It would be useful to hear your thoughts about these concerns, and also to hear a bit more about how you've been using Strikeout.

Comment #3

Posted on Jul 16, 2007 by Helpful Wombat

[ BTW, although it's off-topic for this discussion, I wanted to mention to you at some point how excellent pandoc is! I would have mentioned it in my first post had I not wanted to stay on-topic when creating the ticket. :) ]

You are quite right that strikeout is often used for change-tracking. I agree with you that a larger system to help pandoc create change-tracking of documents would be extremely useful, and I'd love to see it implemented (and may even be willing to help with it, as I have a general need for that too -- but we should probably have that discussion on a different forum).
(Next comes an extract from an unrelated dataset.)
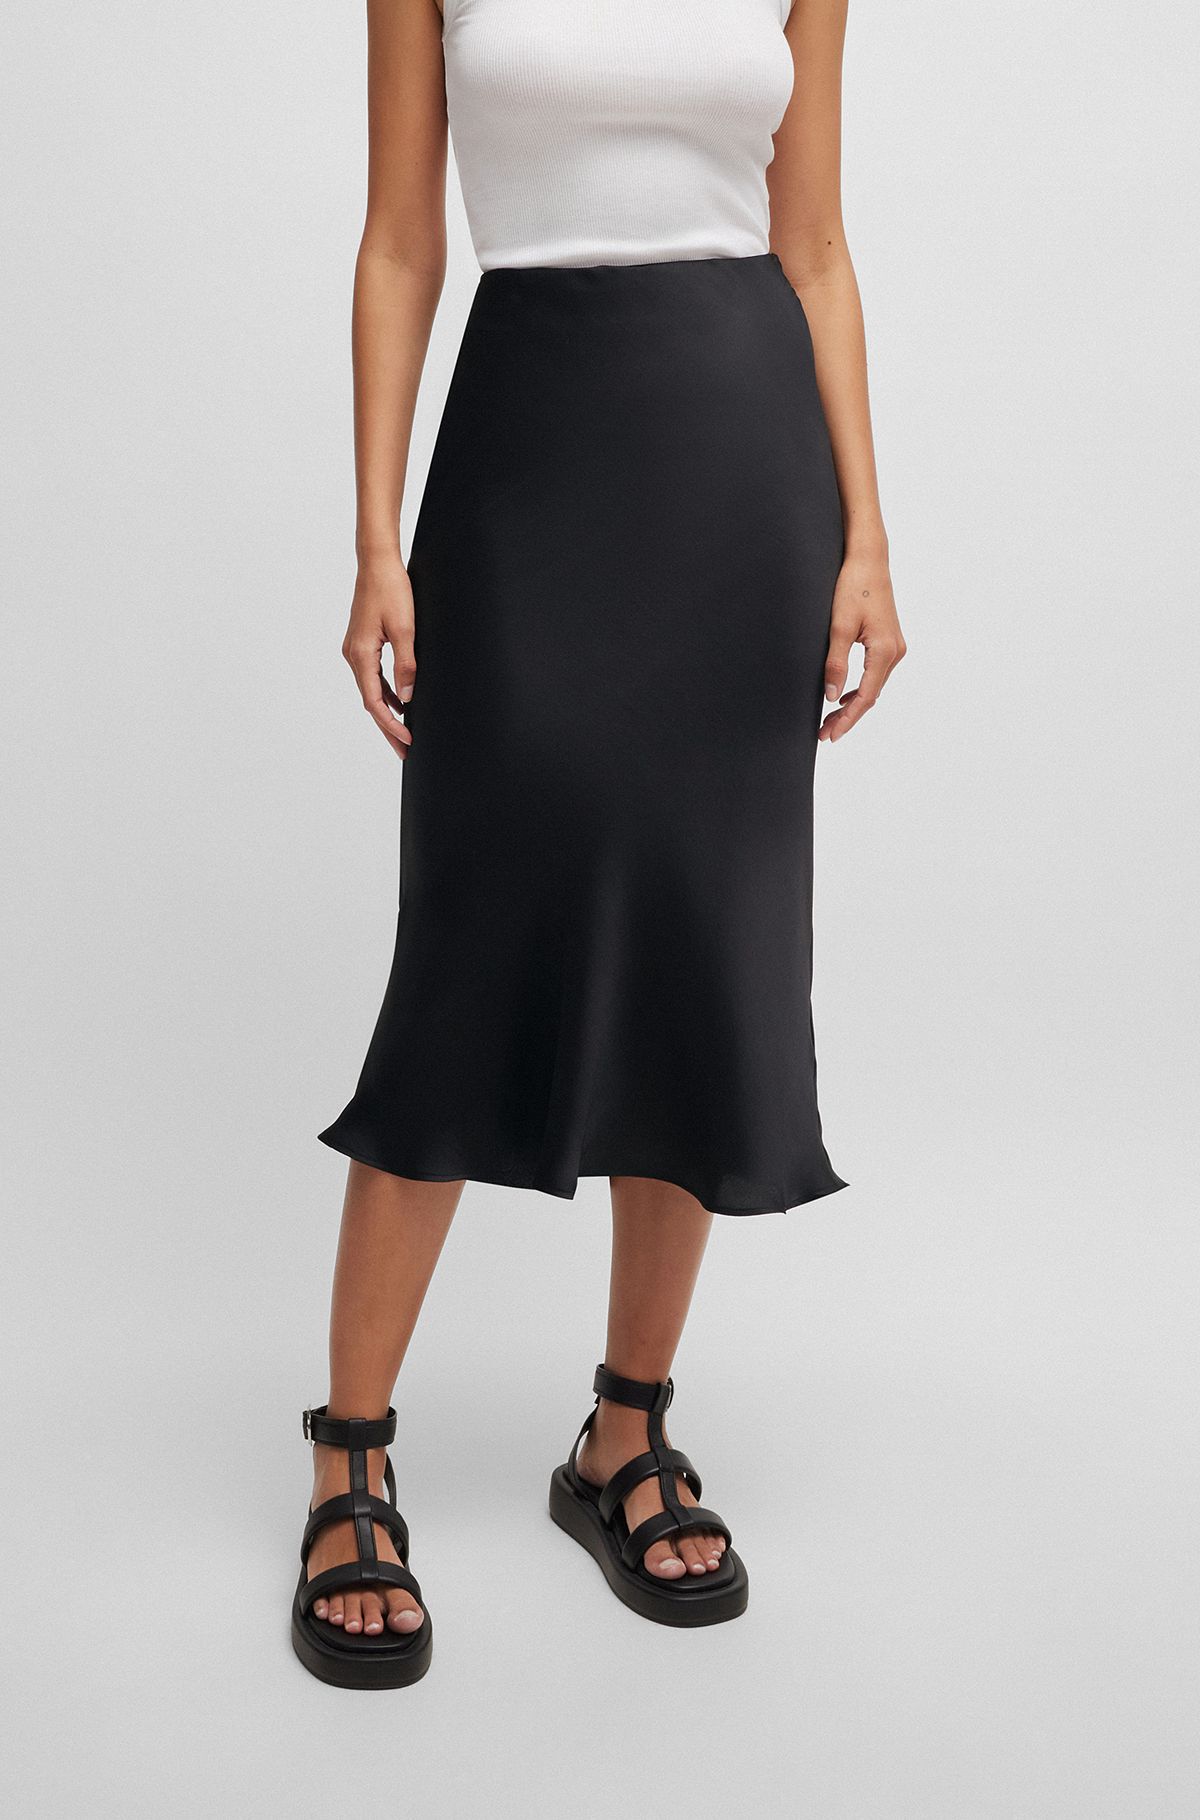 Satin midi skirt with logo detail, Black

However, I feel that such a feature is a separate issue entirely. Many document forms (Docbook, RTF, LaTeX, Many Wiki format engines, HTML with the and tags (albeit deprecated)) allow the user to put in strikeout as a text markup, just like italics, underlining, and bold. If pandoc encounters such markup in someone's existing document, it should do the right thing with it, (basically) regardless of other features pandoc may have to help with change-tracking.

To answer your question about what inspired me to add the feature: I was originally drawn to pandoc as a way to easily build S5 slides from Markdown and other easily-editable formats. I work with lawyers (www.softwarefreedom.org, if you are interested), and they give lots of presentations, and I'm trying to keep them from using Impress (yuck!). I'm giving them pandoc with its S5 generation ability and Markdown as a source format as a way to make easy slides.
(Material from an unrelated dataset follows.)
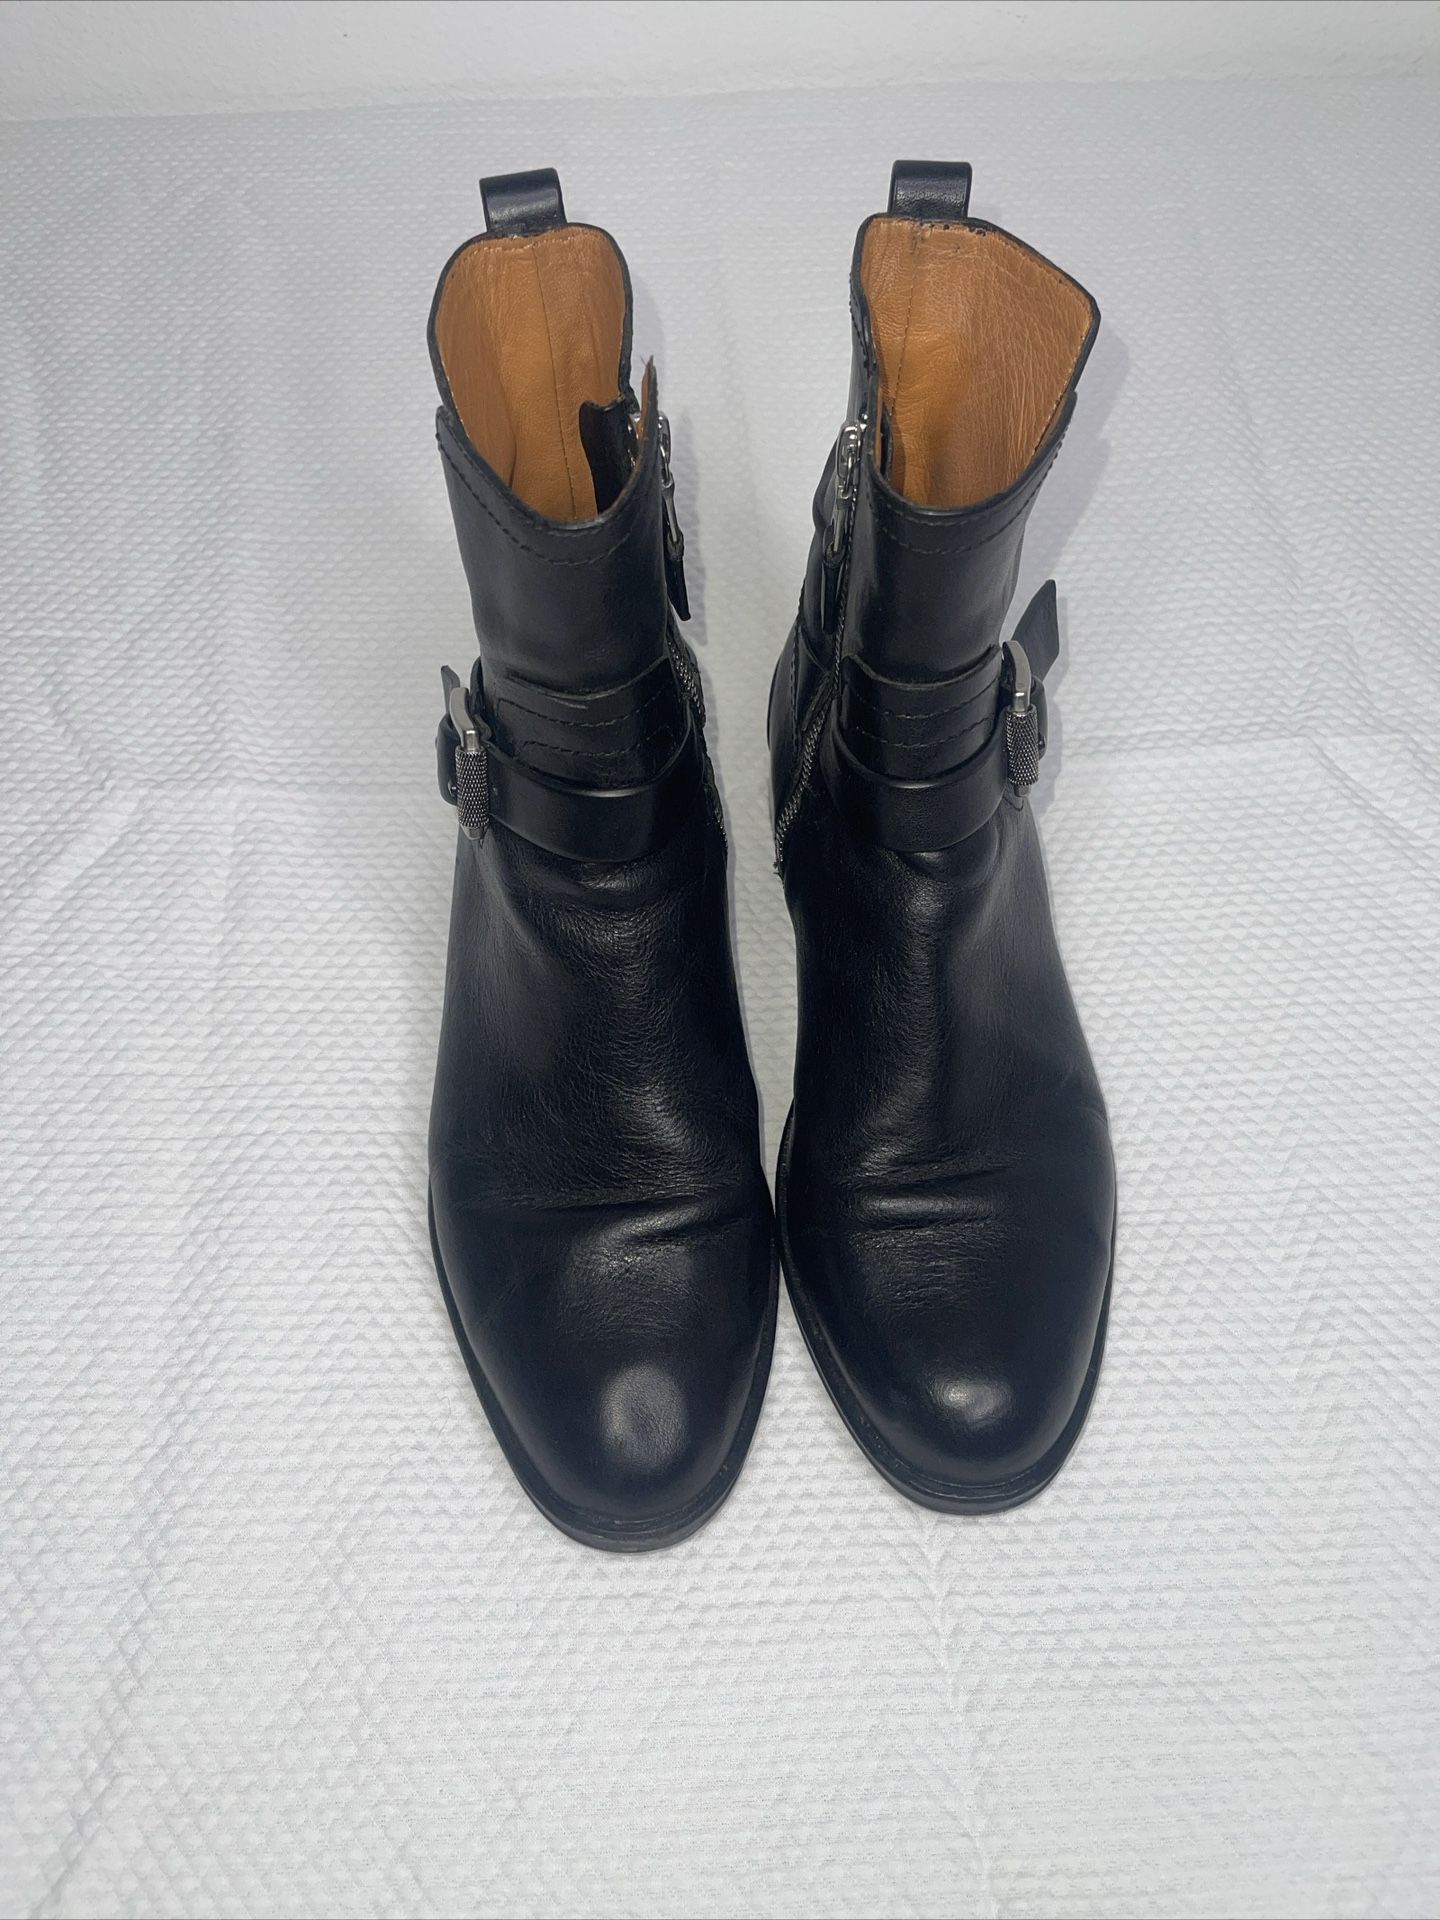 rag & bone Boots Ankle Moto Oliver Zip Black Leather Size 6 EU 37 Buckle Accent

One of the items they often need in a presentation slide is to show differences in legal text from earlier revisions of the same document. The example that inspired us to add strikeout were slides that compare the text of GPLv2 and GPLv3. Now, I grant you that we're showing markup for change tracking. But, in the case of an S5-formatted slide generated Markdown, that's not really a fundamental issue when producing that document. The fundamental issue is that someone took the output of some change-tracking system and now they want to display that output in a reasonable way.

In summary, my reasons for adding it the way I did are two-fold: many formats have a native way of representing strikeout anyway, and therefore pandoc will encounter that markup in its usual conversion work, and should DTRT when it does. Second, there are times when the users will just want to represent in a reasonable way some change markup from another source, and they may not even have the original two documents around to produce proper change markup via this new feature of pandoc you mention.

Comment #4

Posted on Jul 19, 2007 by Grumpy Dog

Thanks for the clarification. That makes sense, and I plan to incorporate your Strikeout changes into pandoc soon. They will probably make it into the 0.4 release due later this summer. I will have to change the syntax, though, because I was already planning to use tildes for subscripts (as in H~2~O). I think that a double tilde would make sense here:

This text ~~has been deleted~~.

Thanks again for the patch and the comments!

Comment #5

Posted on Jul 22, 2007 by Grumpy Dog

Strikeout has been added to pandoc, along with superscripts and subscripts, as of r778. Thanks again!

Status: Fixed

Labels:
Type-Enhancement Priority-Medium